Professor Richard Nagareda (Vanderbilt) recently posted an Essay, for the DePaul Clifford Symposium, entitled
1938 All Over Again? Pre-Trial as Trial in Complex Litigation. Here is the Abstract:
This Essay for the Sixteenth Annual Clifford Symposium analyzes the transformation of the pre-trial process for complex civil litigation. Settlement, rather than trial, has emerged as the dominant endgame. As a result, in functional terms, the pre-trial phase effectively operates as the trial. Over the past quarter-century, doctrinal developments have shifted steadily backward within the pre-trial phase the major checkpoints for judicial scrutiny of claims. The key developments consist of the Supreme Court’s summary judgment “trilogy” (1986), the rise of Daubert scrutiny for the admissibility of expert testimony (1993), the elaboration of a distinctive law of class action certification (circa 2006) and, most recently, the invigoration of pleading standards in the Court’s Twombly and Iqbal decisions (2007 and 2009).

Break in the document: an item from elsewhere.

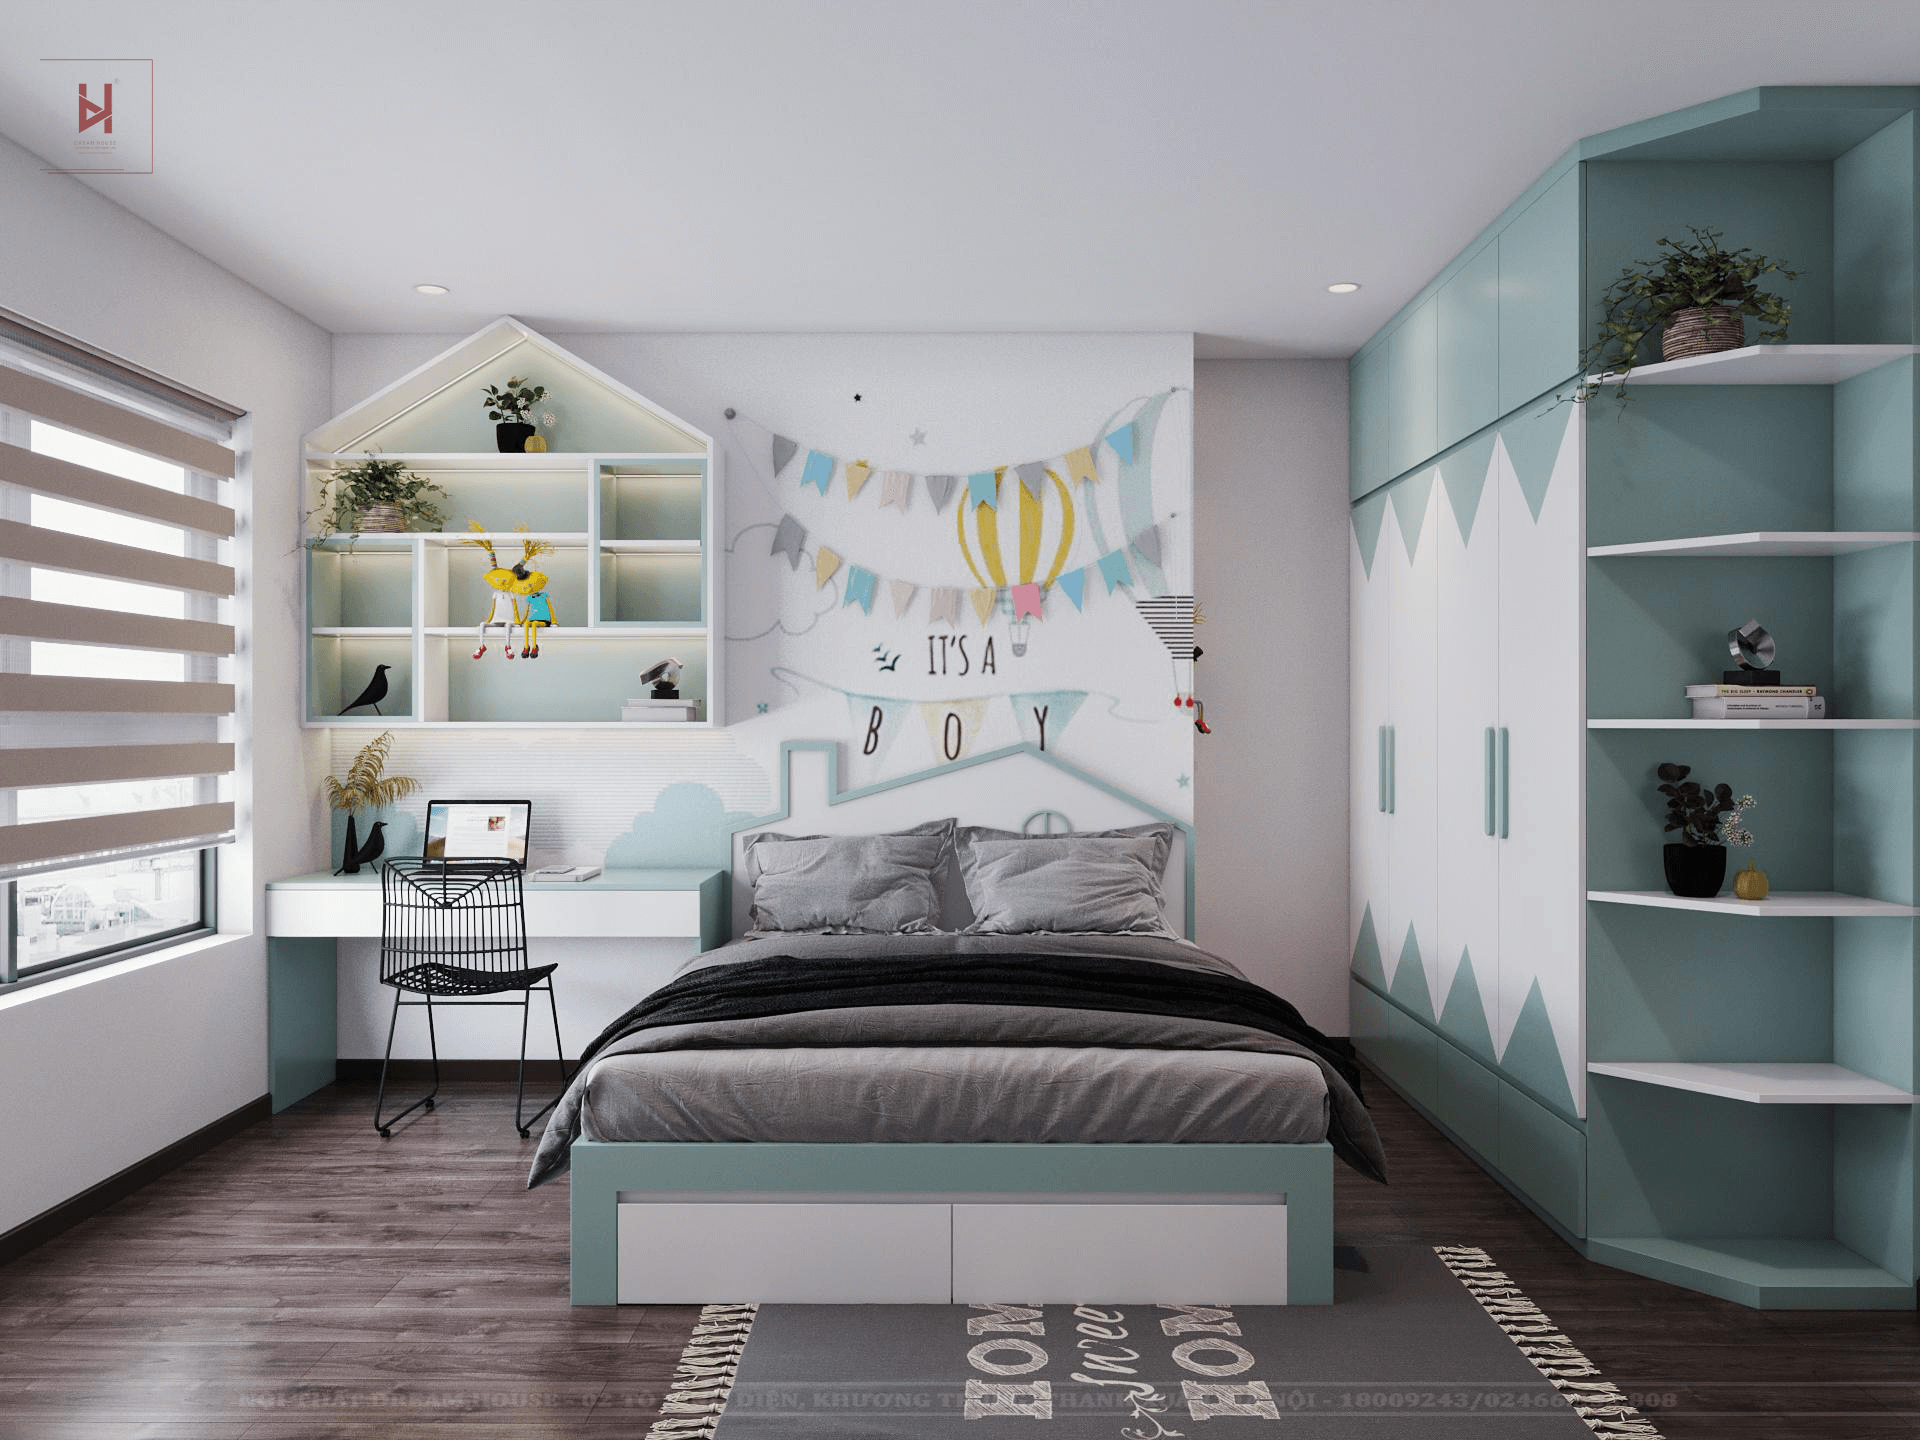 Nội thất phòng ngủ đóng vai trò quan trọng trong việc tạo nên không gian sống đáng sống. Sự kết hợp hài hòa giữa các sản phẩm nội thất và màu sắc tạo nên một phong cách riêng cho phòng ngủ của bạn. Hãy để những hình ảnh nội thất phòng ngủ chúng tôi cung cấp giúp cho bạn có được những ý tưởng thiết kế đầy sáng tạo và tối ưu cho không gian sống của bạn.

During the same period, an equally dramatic transformation has taken place with respect to litigation scholarship. Insights from economics, cognitive psychology, and finance – among other non-law disciplines – have broadened the vocabulary now available for analysis. Two big-picture points emerge from this literature: first, costs (especially, the ability to impose costs on one’s opponent) matter greatly to the choice whether to continue litigation or to settle; and, second, risk (or, more specifically, variance) matters in the pricing of civil claims via settlement, above and beyond calculations of expected value.
The emergence of judicial checkpoints in the pretrial phase has elicited considerable debate – most strikingly, today, over the Court’s pleading decisions. At one level, those decisions are rightly seen as pushing against the ethos of the 1938 reforms that put into place our modern notice-pleading regime. Yet, in a deeper historical sense, we actually find ourselves today in much the same position as the 1938 reformers. Today, as then, there is a lingering – but, often, undertheorized – sense that procedure itself is having an undue and even deleterious effect on the pricing of claims via settlement. It is just that the procedure now suspected to be distortive consists of the 1938 reforms. This Essay explains, in particular, how the Court’s attention to pleading standards in recent years marks a shift of emphasis from the regulation of variance in the litigation process to a concern over cost imposition.
The various pretrial checkpoints today exhibit a similar structural feature. They seek to manage variance or cost imposition by way of third-party judicial regulation – specifically, court rulings that signal “stop” or “go” on the road to trial. Evaluation of procedural doctrine as an enterprise of regulation opens up inquiry to the existence of other potential regulatory modes. This Essay concludes with examination of alternatives in the nature of first-party regulation (e.g., cost shifting) and regulation in the form of judicial action that would not be dispositive vis-à-vis trial but, rather, would seek to inform directly the pricing of claims in the settlement endgame.
This Essay may be downloaded at
here.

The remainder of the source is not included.